Tuesday, October 13, 2009

Micheletti-Zelaya Talks Resume Today

Official talks between representatives of ousted President Mel Zelaya and the de facto government of Roberto Michelleti are set to resume today in Tegucigalpa after a weekend recess. As reported yesterday, the two sides made progress on a number of substantive issues late last week, including around the issue of amnesty [there will currently be done] and the formation of a unity government. Now, however, discussions will turn to the biggest issue dividing the two sides: the reinstatement of Mel Zelaya as president. Micheletti [profiled by Reuters this morning here] has been unwilling to budge on this point over the last three plus months, and as AFP reported yesterday, Zelaya warned observers that Tuesday could be yet another “let down” for those eagerly awaiting a resolution to the Honduran crisis. “It’s going to be an essential day of dialogue to find out if this will all be resolved, but I don’t have much confidence,” Zelaya told the news agency yesterday. “I believe the coup regime will continue to deny the resolutions of the OAS and the international community.” Such remarks on the part of Mr. Zelaya—including placing a deadline of Oct. 15 on the current round of talks—have been criticized by some political analysts and backers of the de facto regime speaking with pro-Micheletti papers in Honduras. “The deadline given by the Zelayistas totally distorts the process of dialogue that should be flexible, coherent and done in good faith. Setting an ultimatum generates uncertainty,” lawyer and analyst Raul Pineda Alvardo recently told El Heraldo, for example.

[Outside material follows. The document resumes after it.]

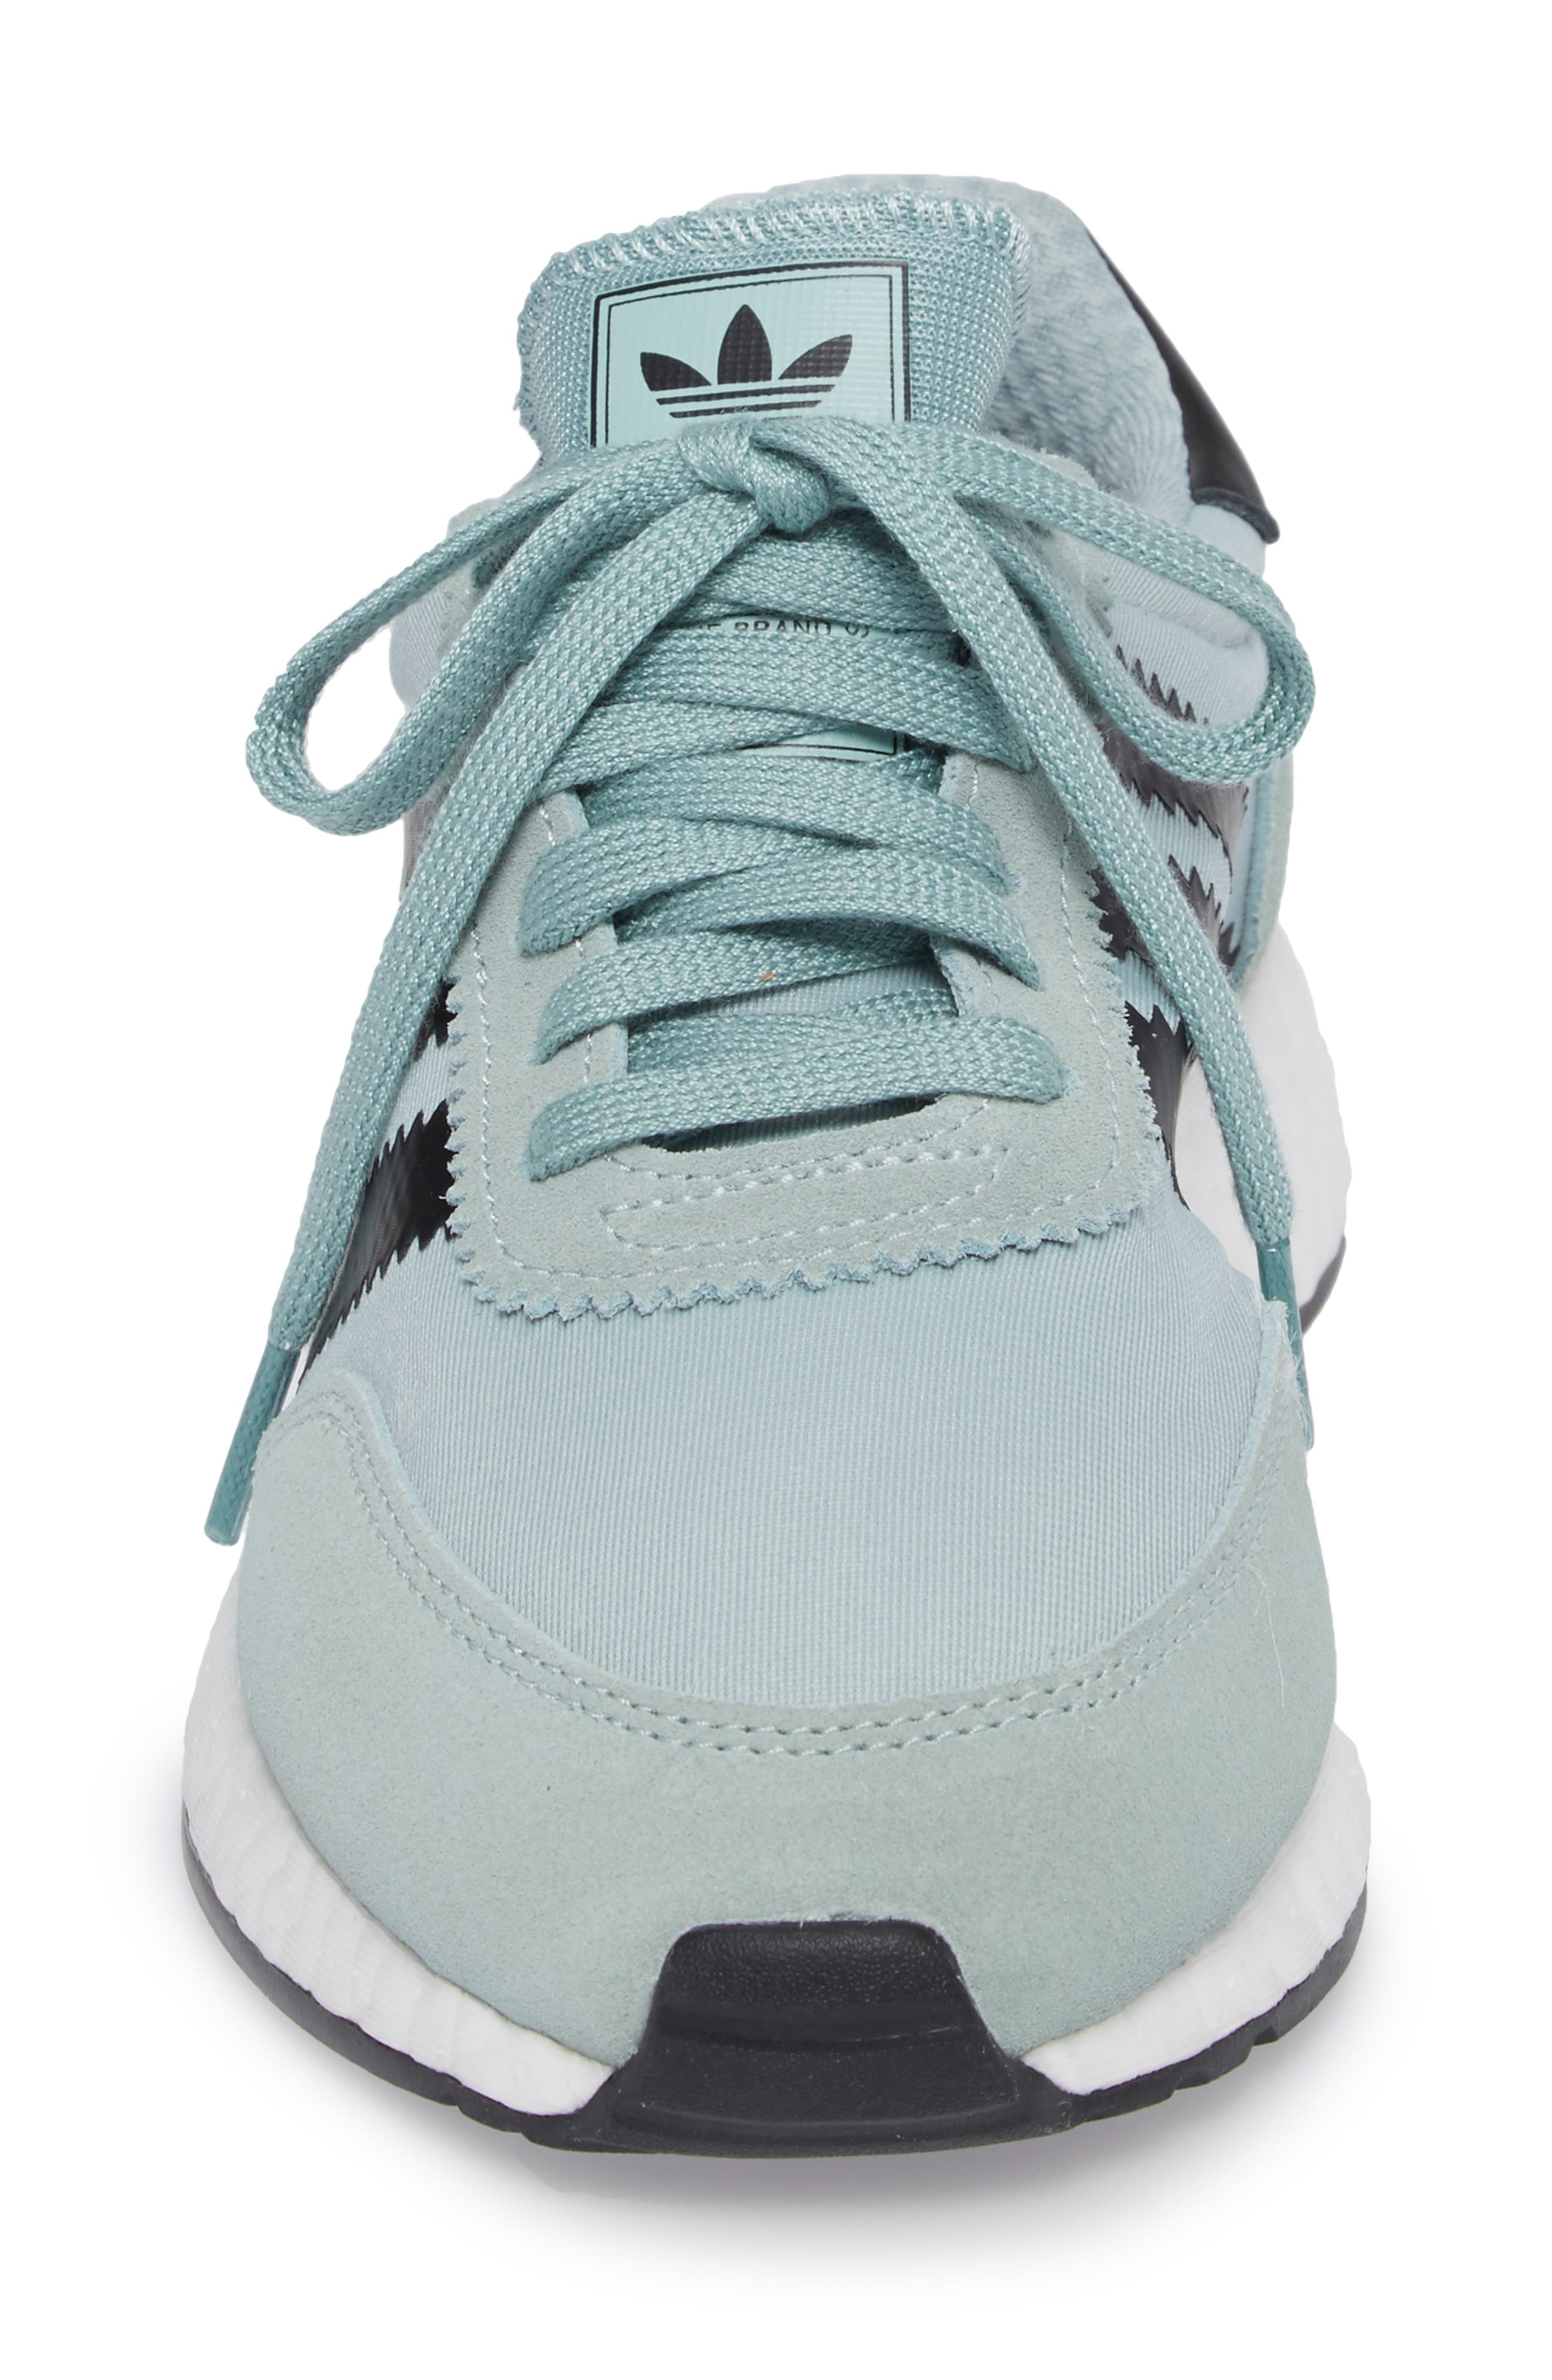 I-5923 Sneaker,                             Alternate thumbnail 5, color,                             Tactile Green/ Black/ White

Meanwhile, while many Zelaya supporters say there will be a new call for protests if Mel Zelaya is not restored to power by the end of the week, so too are certain sectors of the business community threatening to strike if Mr. Zelaya is reinstated. In Southern Honduras, the president of the Cámara de Comercio e Industrias del Sur (CCIS), Mario Hernán Argeñal, tells La Tribuna restoring Zelaya to power would be “counterproductive.” Also, Reuters has a new report this morning on human rights abuses that have occurred in Honduras since the June 28 coup. The news service says human rights groups have attributed at least 10 deaths to the coup regime crackdowns [the government continues to say that just three people have died in protests]. And the Honduran human rights group Cofadeh, whose own offices were attacked with tear gas by security forces two days after Zelaya’s return, has documented “numerous reports of police firing guns in poor areas of Tegucigalpa,” often occurring during evening curfew.

Finally, there was an article in Tiempo Sunday that is worth reading in full. In the piece, an Afro-Honduran community leader speaks with the paper and discusses the problems of marginalization, poverty, and social exclusion which remain endemic in Honduras. “We reiterate our condemnation of the coup and we call for national reconciliation, for a reform of electoral laws and for the convening of a plebiscite so that the citizenry can decide on a new constitution,” says Céleo Alvarez Casildo. The possibility that such a reform process might have begun was used to justify the ouster of Zelaya in late June. And while Zelaya has said he would not advocate a constitutional assembly should he be reinstated, the issue still appears to resonate deeply with many who have supported the ousted leader over the last three and a half months.

Around the region this morning:

· The AP reports that world-famous Cuban blogger, Yoani Sanchez, is not being allowed to travel to New York to receive a journalism award from Columbia University. Cuban authorities earlier denied Sanchez permission to fly to Madrid to accept the Ortega y Gasset Prize in digital journalism for the creation of her blog “Generacion Y”, which gets more than 1 million hits per month.

· Also, on Cuba, in the Miami Herald there is a report on a series of congressional bills being discussed that would open up US-Cuba travel. If passed, “There would be an explosion of contacts between Americans and Cubans . . . that would almost overshadow what the two governments are doing,” says Phil Peters, a Cuba expert with the D.C.-based Lexington Institute.

· The New York Times reported yesterday on the closure of a state-run electric company that has provided power to much of Mexico City. The company, Luz y Fuerza del Centro, was said to have been operating “inefficiently.” The closure has set off massive labor protests led by the Mexican Electrical Workers Union.

· As Spain’s El País reports, indigenous protests and roadblocks in Guatemala turned violent in certain areas surrounding Guatemala City Monday after a driver shot and killed one protestor. Two other activists were seriously injured with gunshot wounds.

· El País also reports on Colombia, writing that Alvaro Uribe remains favored to win a third term as President “despite a growing number of disasters.”

· Finally, Bloomberg News writes that George Soros has announced he will invest $1 billion in clean energy technology and donate $100 million to an “environmental advisory group to aide policymakers.” According to the report, monies will be distributed through Soros’s new, San Francisco-based Climate Policy Initiative.